In the records below, find the line that holds "Model- Capucines MM". Restate it and every later line exactly, stopping at the end and skipping pictures.

───── The input

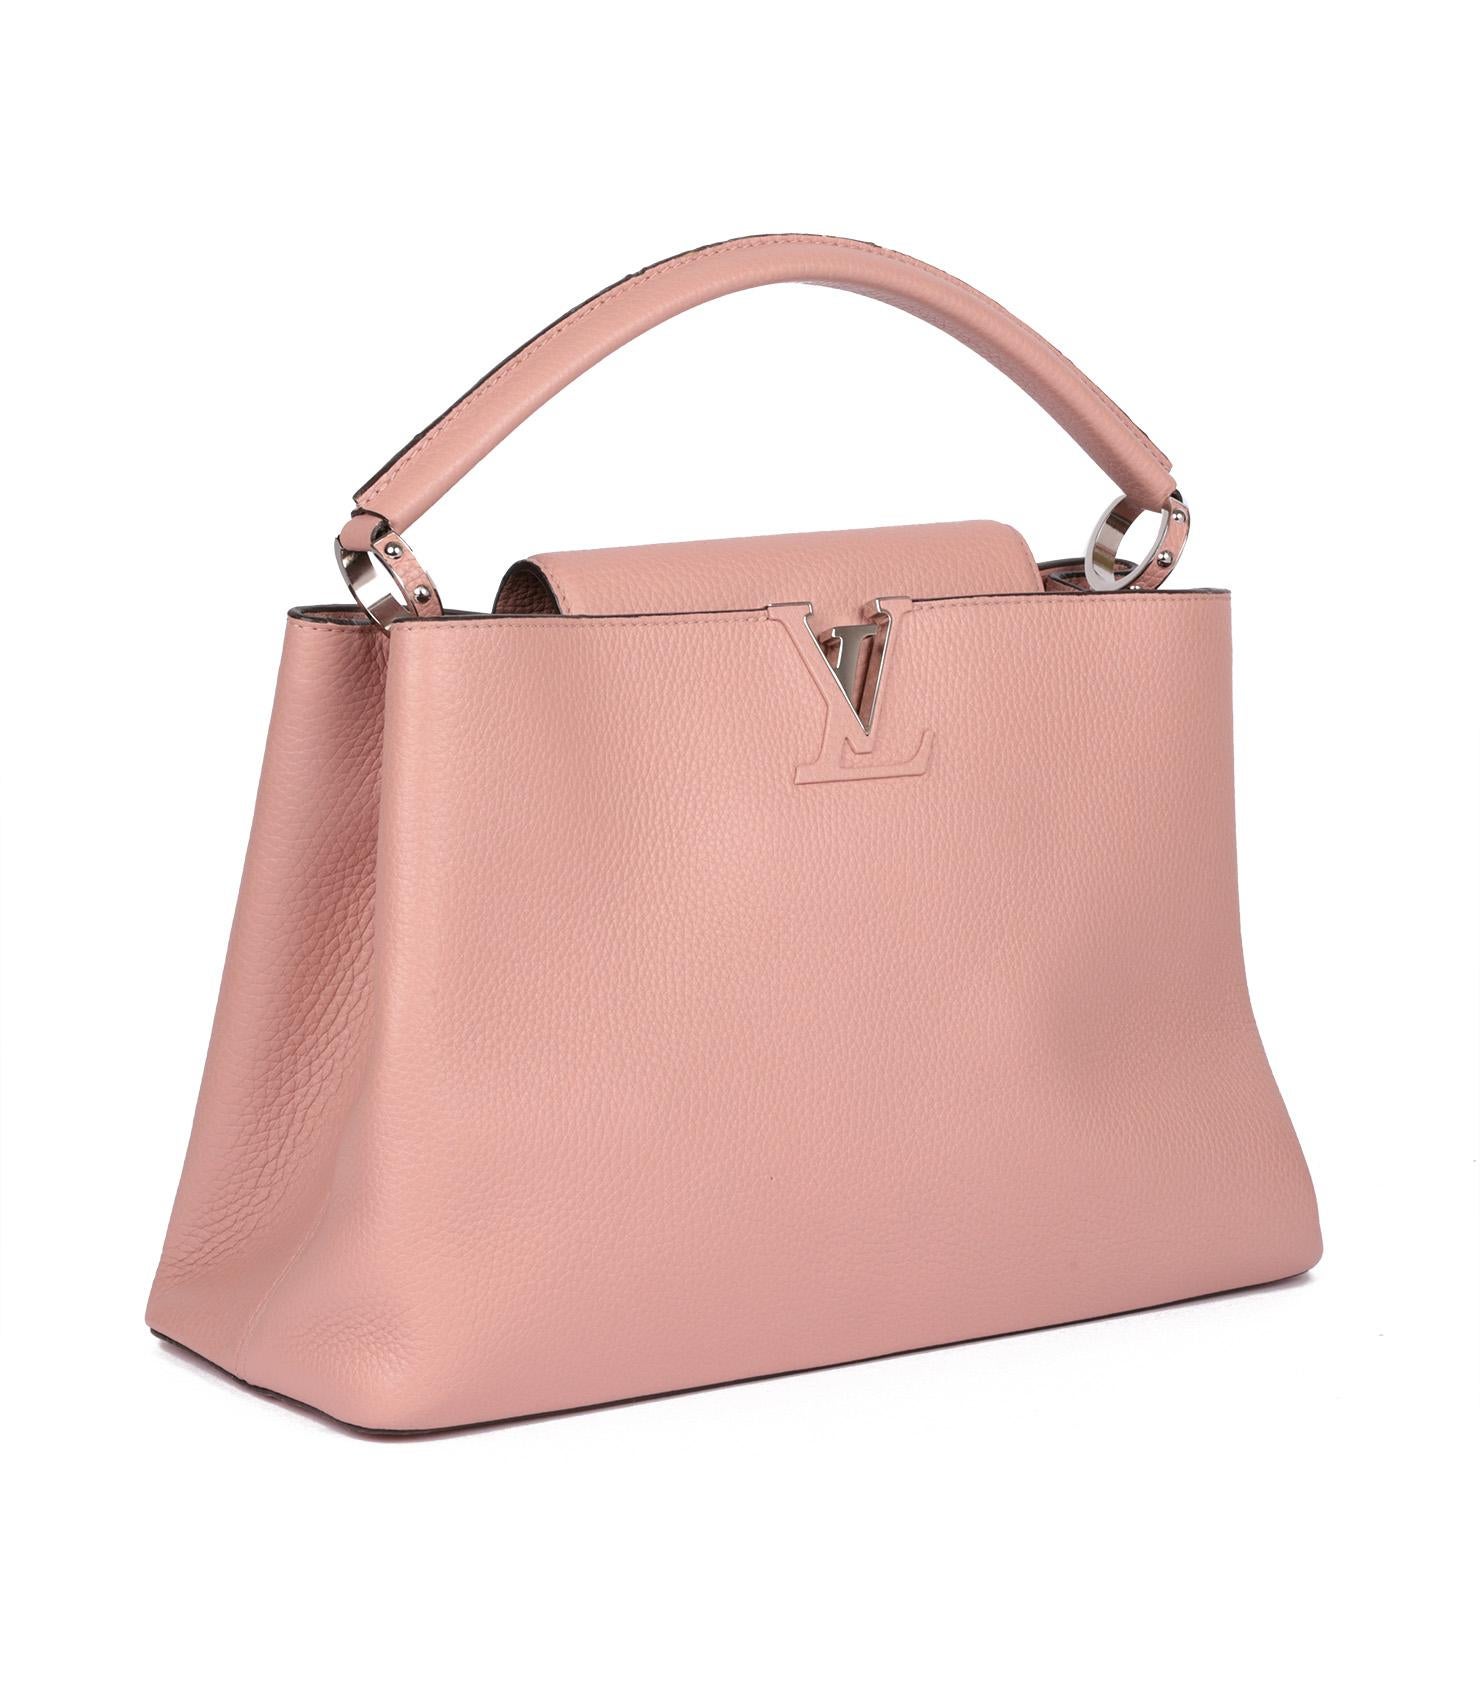 Louis Vuitton Pink Grained Calfskin Leather Capucines MM

Brand- Louis Vuitton
Model- Capucines MM
Product Type- Top Handle
Serial Number- TR****
Age- Circa 2013
Accompanied By- Louis Vuitton Dust Bag, Box
Colour- Pink
Hardware- Silver
Material(s)-
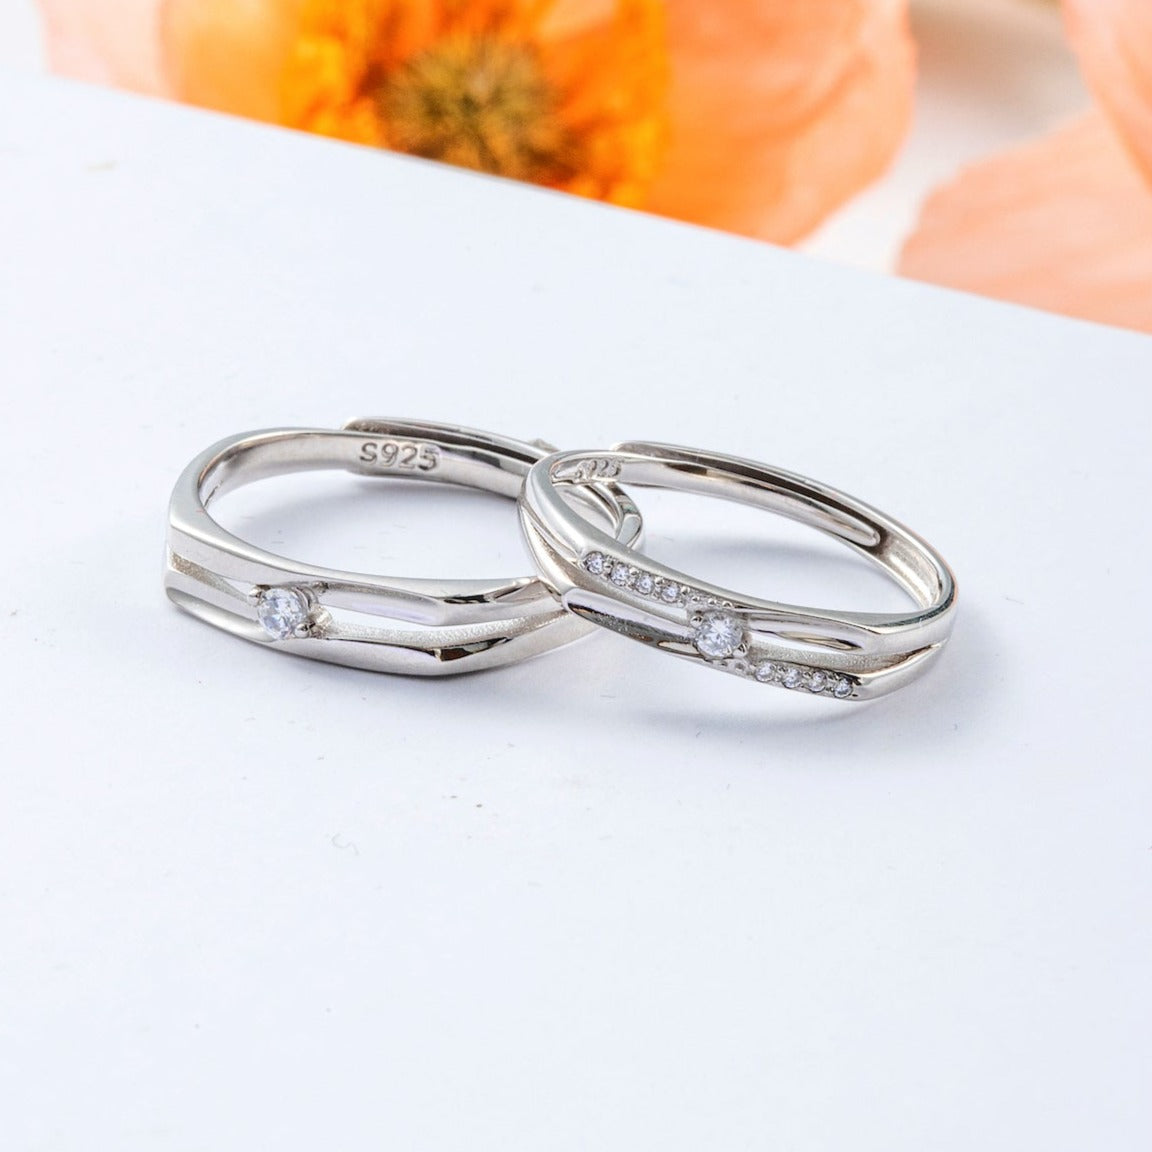 Pure 925 Silver Couple Bands
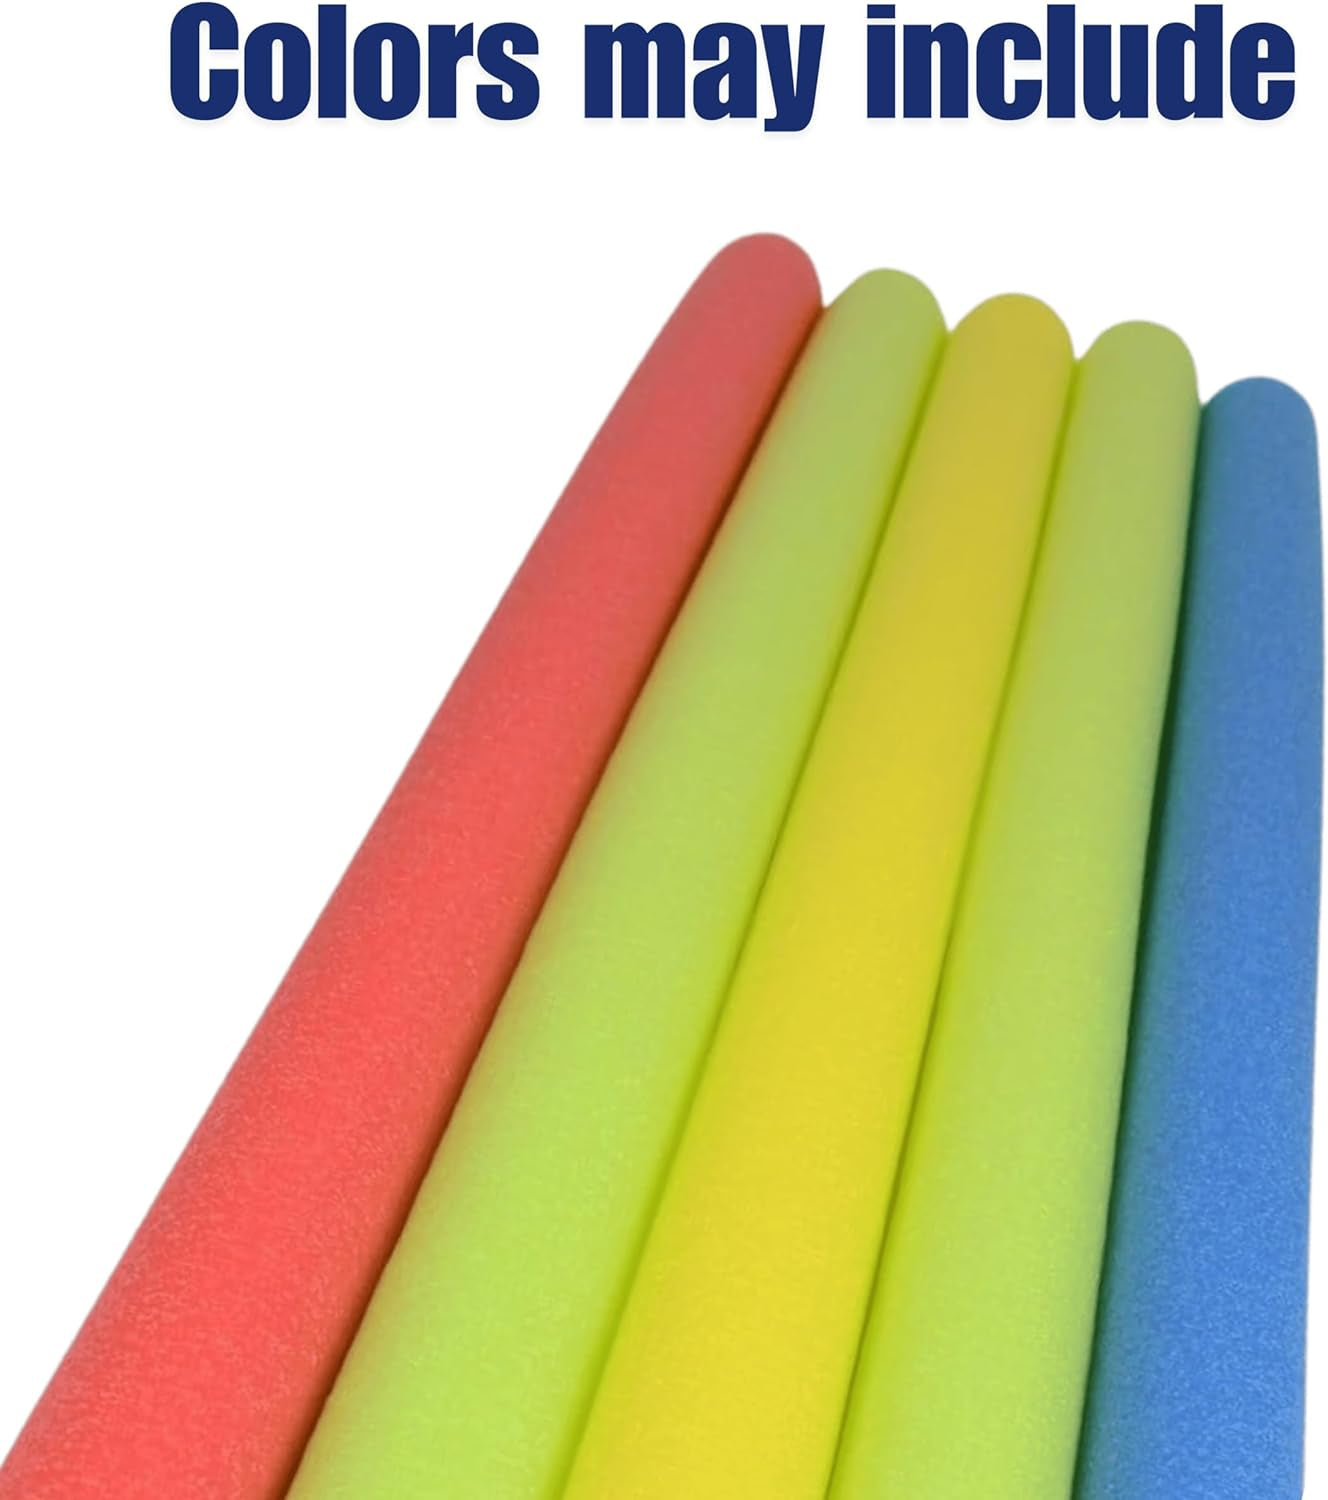 Swim Pool Noodles - Pack of 5 - Soft Foam Noodles for Swimming, Floating, and Water Exercises - 52 Inch - Multicolor

──────────

__Reply to the task__:
Model- Capucines MM
Product Type- Top Handle
Serial Number- TR****
Age- Circa 2013
Accompanied By- Louis Vuitton Dust Bag, Box
Colour- Pink
Hardware- Silver
Material(s)-
 Pure 925 Silver Couple Bands
 Swim Pool Noodles - Pack of 5 - Soft Foam Noodles for Swimming, Floating, and Water Exercises - 52 Inch - Multicolor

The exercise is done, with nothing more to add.